- **DATA SECTION**
○ ○ ○ ○ ○
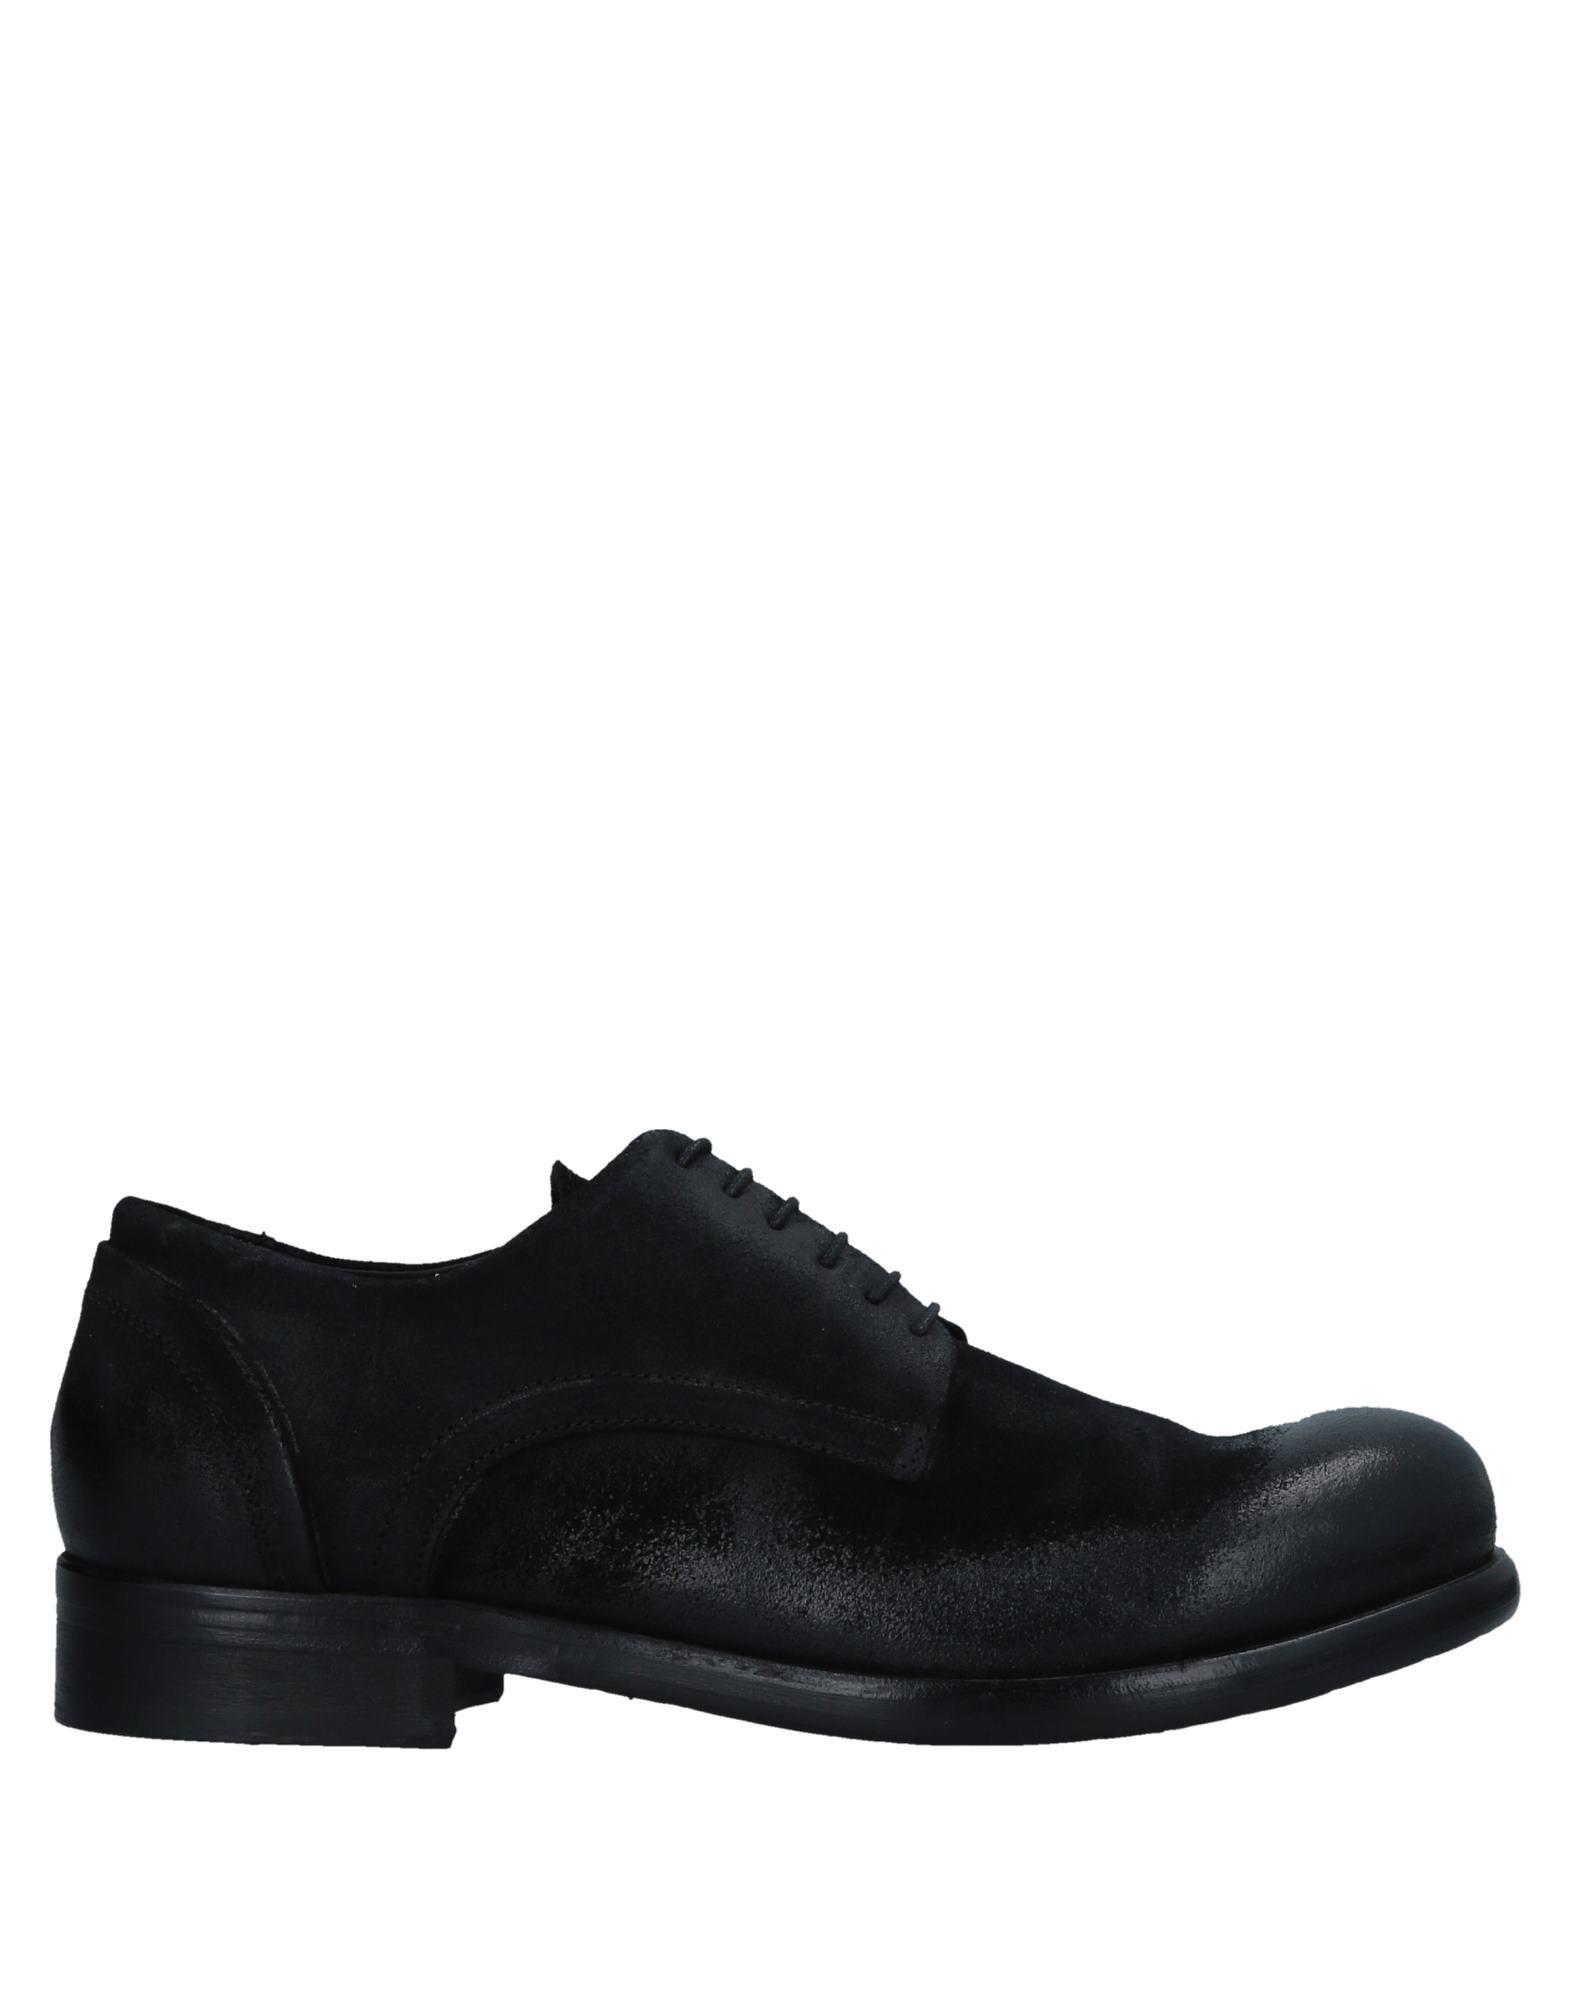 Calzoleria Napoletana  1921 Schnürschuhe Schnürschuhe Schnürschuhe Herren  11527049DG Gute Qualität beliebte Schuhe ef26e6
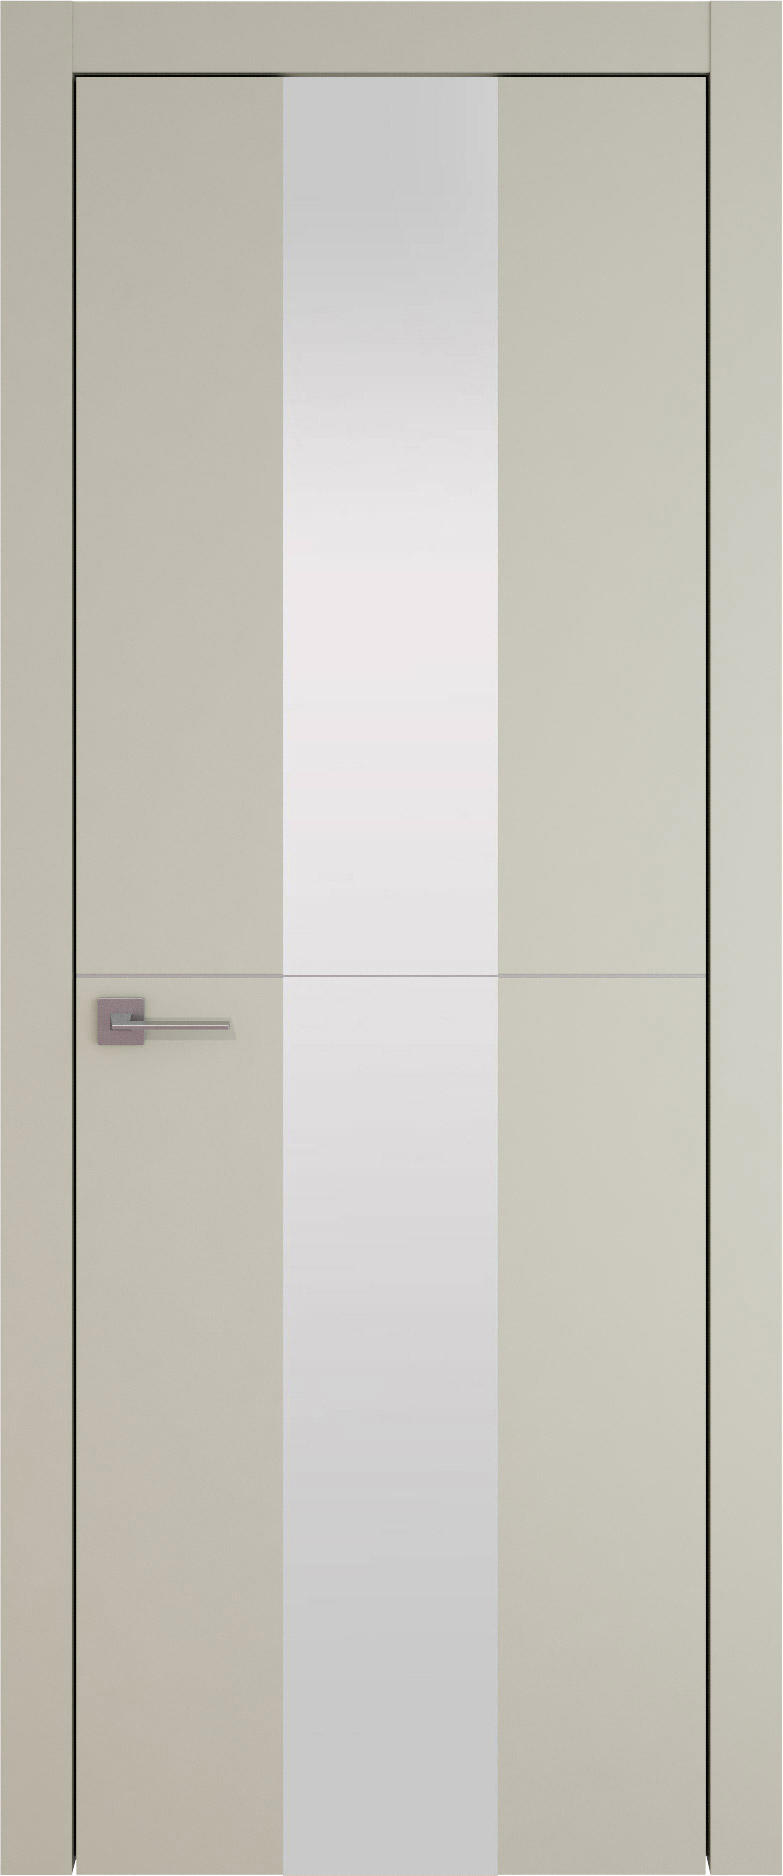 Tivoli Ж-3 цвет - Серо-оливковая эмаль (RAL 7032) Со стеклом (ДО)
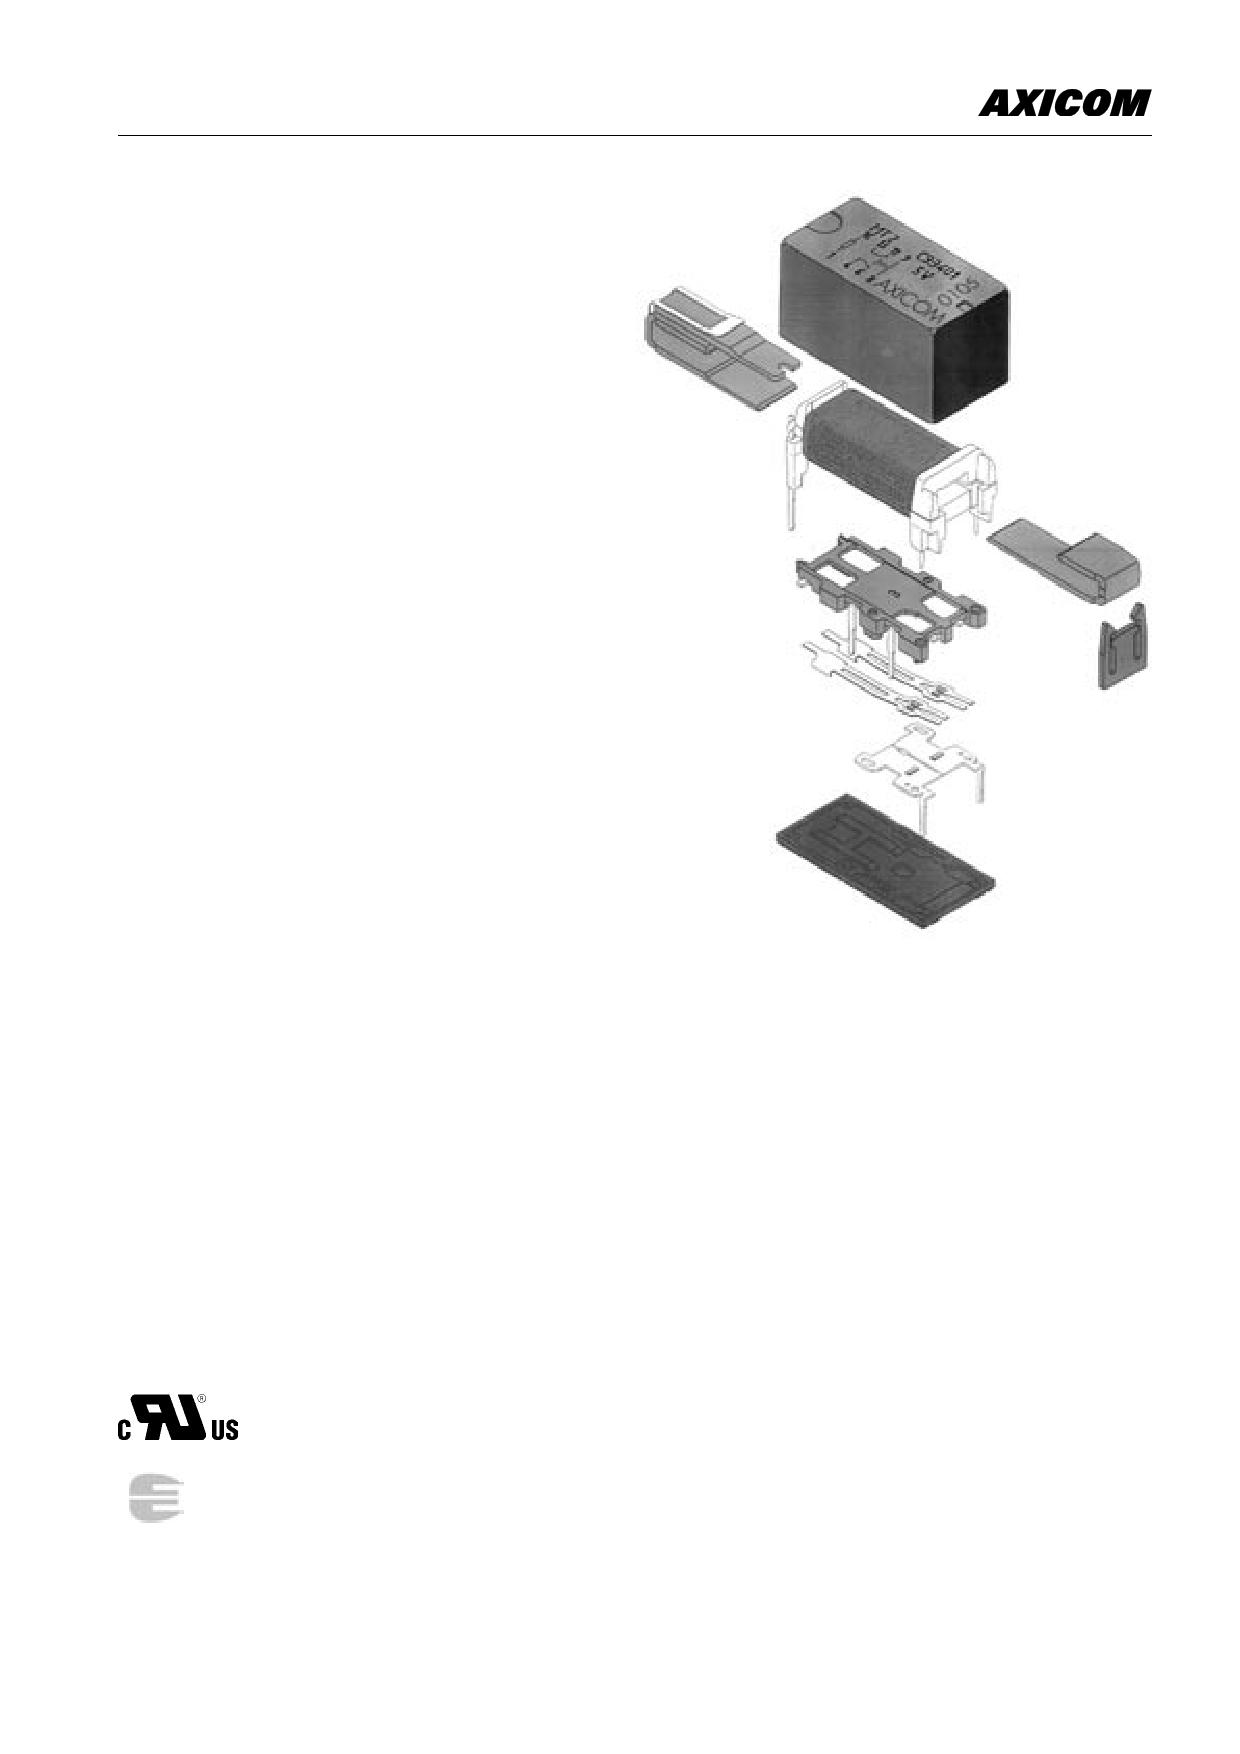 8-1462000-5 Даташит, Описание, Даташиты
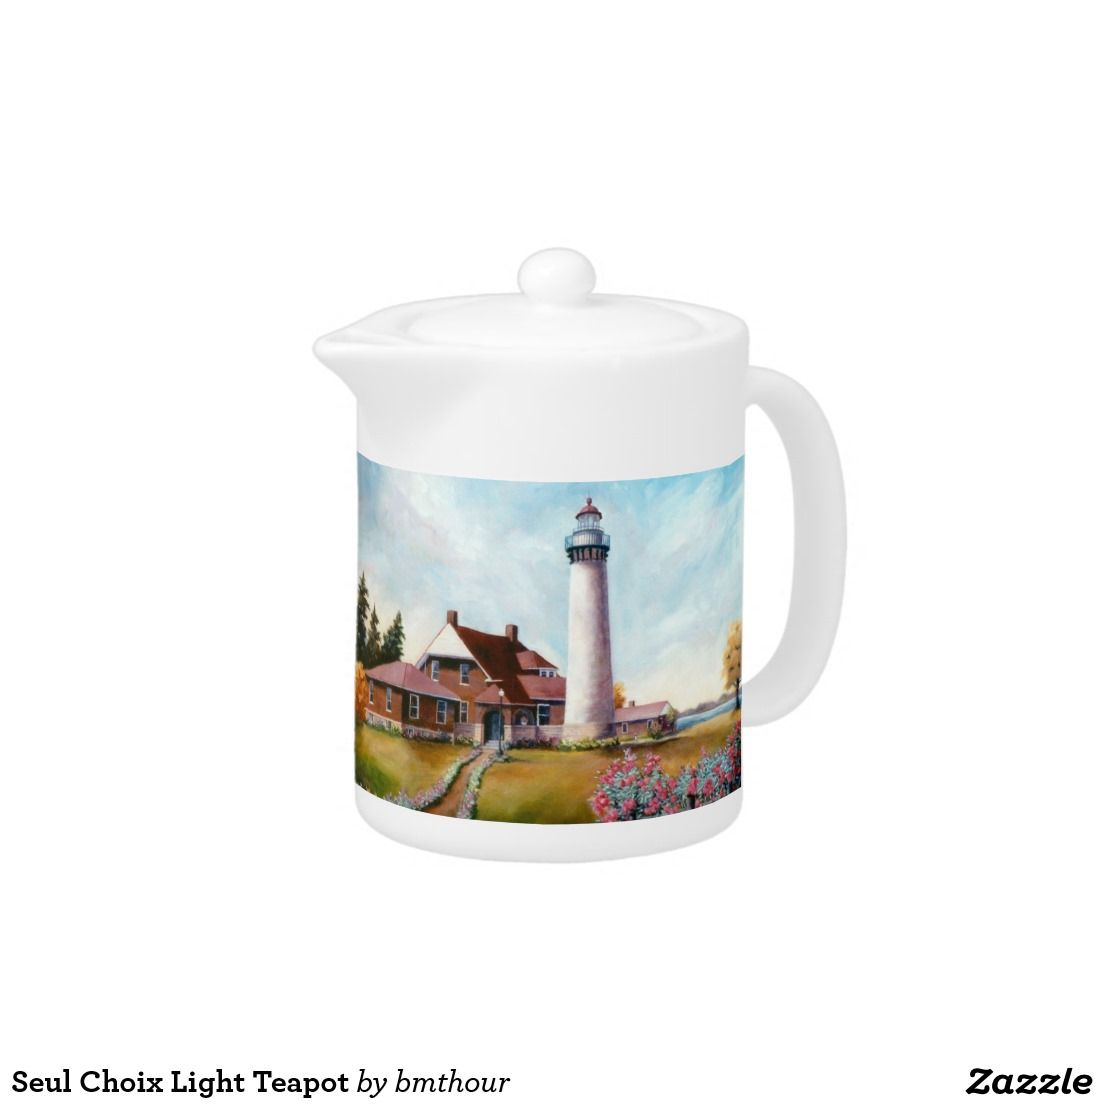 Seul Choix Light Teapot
○ ○ ○ ○ ○
- **WHAT THE EXERCISE ASKS**
Retype the lines above exactly, no pictures.

- **OUTPUT BELOW**
 Calzoleria Napoletana  1921 Schnürschuhe Schnürschuhe Schnürschuhe Herren  11527049DG Gute Qualität beliebte Schuhe ef26e6
 Tivoli Ж-3 цвет - Серо-оливковая эмаль (RAL 7032) Со стеклом (ДО)
 8-1462000-5 Даташит, Описание, Даташиты
 Seul Choix Light Teapot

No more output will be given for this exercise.